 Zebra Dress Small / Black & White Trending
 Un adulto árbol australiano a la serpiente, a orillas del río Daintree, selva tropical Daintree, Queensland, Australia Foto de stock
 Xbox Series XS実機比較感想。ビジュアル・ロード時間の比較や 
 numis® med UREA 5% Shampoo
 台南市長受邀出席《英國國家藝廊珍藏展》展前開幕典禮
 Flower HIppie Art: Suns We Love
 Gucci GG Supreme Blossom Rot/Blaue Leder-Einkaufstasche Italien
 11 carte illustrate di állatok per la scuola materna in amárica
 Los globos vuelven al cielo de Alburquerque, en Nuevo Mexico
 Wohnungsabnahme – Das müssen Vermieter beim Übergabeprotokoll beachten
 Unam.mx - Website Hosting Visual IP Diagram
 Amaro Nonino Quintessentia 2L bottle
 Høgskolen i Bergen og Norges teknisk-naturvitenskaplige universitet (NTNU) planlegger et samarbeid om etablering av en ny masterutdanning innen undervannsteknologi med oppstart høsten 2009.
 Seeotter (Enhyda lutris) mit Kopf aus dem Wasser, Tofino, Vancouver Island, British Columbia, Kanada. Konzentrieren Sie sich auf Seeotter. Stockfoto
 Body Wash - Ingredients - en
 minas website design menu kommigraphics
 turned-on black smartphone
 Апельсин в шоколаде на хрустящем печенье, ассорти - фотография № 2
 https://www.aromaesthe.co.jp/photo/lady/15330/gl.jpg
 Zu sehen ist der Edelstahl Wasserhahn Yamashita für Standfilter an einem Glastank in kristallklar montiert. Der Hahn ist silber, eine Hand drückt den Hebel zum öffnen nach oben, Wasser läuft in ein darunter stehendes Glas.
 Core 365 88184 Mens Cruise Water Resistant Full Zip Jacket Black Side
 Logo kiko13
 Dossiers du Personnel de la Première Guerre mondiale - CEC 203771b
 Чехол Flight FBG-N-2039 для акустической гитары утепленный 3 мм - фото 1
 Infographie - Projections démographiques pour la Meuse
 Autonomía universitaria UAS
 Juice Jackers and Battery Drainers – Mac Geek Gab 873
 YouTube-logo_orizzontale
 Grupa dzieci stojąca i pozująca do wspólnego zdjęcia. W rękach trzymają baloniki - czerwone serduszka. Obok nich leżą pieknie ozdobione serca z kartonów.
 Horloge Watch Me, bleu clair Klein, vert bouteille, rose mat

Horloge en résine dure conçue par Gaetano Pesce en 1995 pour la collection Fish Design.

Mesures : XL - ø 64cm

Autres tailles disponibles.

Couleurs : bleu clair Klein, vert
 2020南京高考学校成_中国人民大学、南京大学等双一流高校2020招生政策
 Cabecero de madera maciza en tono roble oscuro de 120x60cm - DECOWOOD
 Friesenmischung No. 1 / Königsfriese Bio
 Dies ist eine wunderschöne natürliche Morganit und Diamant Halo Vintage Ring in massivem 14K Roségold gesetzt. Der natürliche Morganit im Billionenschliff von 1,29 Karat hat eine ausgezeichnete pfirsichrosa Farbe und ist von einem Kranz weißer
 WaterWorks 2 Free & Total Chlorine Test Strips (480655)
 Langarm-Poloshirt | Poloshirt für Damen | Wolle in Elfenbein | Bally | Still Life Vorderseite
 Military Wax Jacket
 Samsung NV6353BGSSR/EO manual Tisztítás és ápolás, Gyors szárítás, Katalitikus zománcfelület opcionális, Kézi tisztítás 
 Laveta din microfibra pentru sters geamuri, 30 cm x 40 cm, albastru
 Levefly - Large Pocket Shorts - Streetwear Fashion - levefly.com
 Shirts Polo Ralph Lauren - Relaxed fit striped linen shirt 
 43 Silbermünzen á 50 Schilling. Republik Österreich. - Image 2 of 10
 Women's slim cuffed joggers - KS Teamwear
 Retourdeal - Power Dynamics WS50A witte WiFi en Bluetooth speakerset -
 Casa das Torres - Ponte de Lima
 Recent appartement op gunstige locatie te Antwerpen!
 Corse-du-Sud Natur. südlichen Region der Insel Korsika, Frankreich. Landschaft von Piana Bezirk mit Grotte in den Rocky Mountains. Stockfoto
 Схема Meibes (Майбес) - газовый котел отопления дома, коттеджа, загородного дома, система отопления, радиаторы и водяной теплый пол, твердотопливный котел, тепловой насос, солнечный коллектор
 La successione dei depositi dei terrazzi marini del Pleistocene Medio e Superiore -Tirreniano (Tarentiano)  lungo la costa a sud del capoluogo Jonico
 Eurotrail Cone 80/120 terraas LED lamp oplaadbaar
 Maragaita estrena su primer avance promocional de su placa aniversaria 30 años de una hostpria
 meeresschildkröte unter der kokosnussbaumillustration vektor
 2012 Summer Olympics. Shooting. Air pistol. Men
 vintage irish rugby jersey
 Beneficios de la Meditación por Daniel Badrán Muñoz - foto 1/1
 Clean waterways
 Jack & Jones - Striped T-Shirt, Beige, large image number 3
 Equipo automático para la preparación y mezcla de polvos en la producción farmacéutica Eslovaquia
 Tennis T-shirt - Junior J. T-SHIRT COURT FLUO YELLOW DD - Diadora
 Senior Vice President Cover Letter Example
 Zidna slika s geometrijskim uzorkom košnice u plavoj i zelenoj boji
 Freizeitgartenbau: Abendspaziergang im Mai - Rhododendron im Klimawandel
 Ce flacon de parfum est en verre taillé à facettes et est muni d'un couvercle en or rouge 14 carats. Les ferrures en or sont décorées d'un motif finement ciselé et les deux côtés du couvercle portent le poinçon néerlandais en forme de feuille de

============

* _WORK ITEM_
Your answer must be the full listing, copied exactly.

* _YOUR RESPONSE_
 Zebra Dress Small / Black & White Trending
 Un adulto árbol australiano a la serpiente, a orillas del río Daintree, selva tropical Daintree, Queensland, Australia Foto de stock
 Xbox Series XS実機比較感想。ビジュアル・ロード時間の比較や 
 numis® med UREA 5% Shampoo
 台南市長受邀出席《英國國家藝廊珍藏展》展前開幕典禮
 Flower HIppie Art: Suns We Love
 Gucci GG Supreme Blossom Rot/Blaue Leder-Einkaufstasche Italien
 11 carte illustrate di állatok per la scuola materna in amárica
 Los globos vuelven al cielo de Alburquerque, en Nuevo Mexico
 Wohnungsabnahme – Das müssen Vermieter beim Übergabeprotokoll beachten
 Unam.mx - Website Hosting Visual IP Diagram
 Amaro Nonino Quintessentia 2L bottle
 Høgskolen i Bergen og Norges teknisk-naturvitenskaplige universitet (NTNU) planlegger et samarbeid om etablering av en ny masterutdanning innen undervannsteknologi med oppstart høsten 2009.
 Seeotter (Enhyda lutris) mit Kopf aus dem Wasser, Tofino, Vancouver Island, British Columbia, Kanada. Konzentrieren Sie sich auf Seeotter. Stockfoto
 Body Wash - Ingredients - en
 minas website design menu kommigraphics
 turned-on black smartphone
 Апельсин в шоколаде на хрустящем печенье, ассорти - фотография № 2
 https://www.aromaesthe.co.jp/photo/lady/15330/gl.jpg
 Zu sehen ist der Edelstahl Wasserhahn Yamashita für Standfilter an einem Glastank in kristallklar montiert. Der Hahn ist silber, eine Hand drückt den Hebel zum öffnen nach oben, Wasser läuft in ein darunter stehendes Glas.
 Core 365 88184 Mens Cruise Water Resistant Full Zip Jacket Black Side
 Logo kiko13
 Dossiers du Personnel de la Première Guerre mondiale - CEC 203771b
 Чехол Flight FBG-N-2039 для акустической гитары утепленный 3 мм - фото 1
 Infographie - Projections démographiques pour la Meuse
 Autonomía universitaria UAS
 Juice Jackers and Battery Drainers – Mac Geek Gab 873
 YouTube-logo_orizzontale
 Grupa dzieci stojąca i pozująca do wspólnego zdjęcia. W rękach trzymają baloniki - czerwone serduszka. Obok nich leżą pieknie ozdobione serca z kartonów.
 Horloge Watch Me, bleu clair Klein, vert bouteille, rose mat

Horloge en résine dure conçue par Gaetano Pesce en 1995 pour la collection Fish Design.

Mesures : XL - ø 64cm

Autres tailles disponibles.

Couleurs : bleu clair Klein, vert
 2020南京高考学校成_中国人民大学、南京大学等双一流高校2020招生政策
 Cabecero de madera maciza en tono roble oscuro de 120x60cm - DECOWOOD
 Friesenmischung No. 1 / Königsfriese Bio
 Dies ist eine wunderschöne natürliche Morganit und Diamant Halo Vintage Ring in massivem 14K Roségold gesetzt. Der natürliche Morganit im Billionenschliff von 1,29 Karat hat eine ausgezeichnete pfirsichrosa Farbe und ist von einem Kranz weißer
 WaterWorks 2 Free & Total Chlorine Test Strips (480655)
 Langarm-Poloshirt | Poloshirt für Damen | Wolle in Elfenbein | Bally | Still Life Vorderseite
 Military Wax Jacket
 Samsung NV6353BGSSR/EO manual Tisztítás és ápolás, Gyors szárítás, Katalitikus zománcfelület opcionális, Kézi tisztítás 
 Laveta din microfibra pentru sters geamuri, 30 cm x 40 cm, albastru
 Levefly - Large Pocket Shorts - Streetwear Fashion - levefly.com
 Shirts Polo Ralph Lauren - Relaxed fit striped linen shirt 
 43 Silbermünzen á 50 Schilling. Republik Österreich. - Image 2 of 10
 Women's slim cuffed joggers - KS Teamwear
 Retourdeal - Power Dynamics WS50A witte WiFi en Bluetooth speakerset -
 Casa das Torres - Ponte de Lima
 Recent appartement op gunstige locatie te Antwerpen!
 Corse-du-Sud Natur. südlichen Region der Insel Korsika, Frankreich. Landschaft von Piana Bezirk mit Grotte in den Rocky Mountains. Stockfoto
 Схема Meibes (Майбес) - газовый котел отопления дома, коттеджа, загородного дома, система отопления, радиаторы и водяной теплый пол, твердотопливный котел, тепловой насос, солнечный коллектор
 La successione dei depositi dei terrazzi marini del Pleistocene Medio e Superiore -Tirreniano (Tarentiano)  lungo la costa a sud del capoluogo Jonico
 Eurotrail Cone 80/120 terraas LED lamp oplaadbaar
 Maragaita estrena su primer avance promocional de su placa aniversaria 30 años de una hostpria
 meeresschildkröte unter der kokosnussbaumillustration vektor
 2012 Summer Olympics. Shooting. Air pistol. Men
 vintage irish rugby jersey
 Beneficios de la Meditación por Daniel Badrán Muñoz - foto 1/1
 Clean waterways
 Jack & Jones - Striped T-Shirt, Beige, large image number 3
 Equipo automático para la preparación y mezcla de polvos en la producción farmacéutica Eslovaquia
 Tennis T-shirt - Junior J. T-SHIRT COURT FLUO YELLOW DD - Diadora
 Senior Vice President Cover Letter Example
 Zidna slika s geometrijskim uzorkom košnice u plavoj i zelenoj boji
 Freizeitgartenbau: Abendspaziergang im Mai - Rhododendron im Klimawandel
 Ce flacon de parfum est en verre taillé à facettes et est muni d'un couvercle en or rouge 14 carats. Les ferrures en or sont décorées d'un motif finement ciselé et les deux côtés du couvercle portent le poinçon néerlandais en forme de feuille de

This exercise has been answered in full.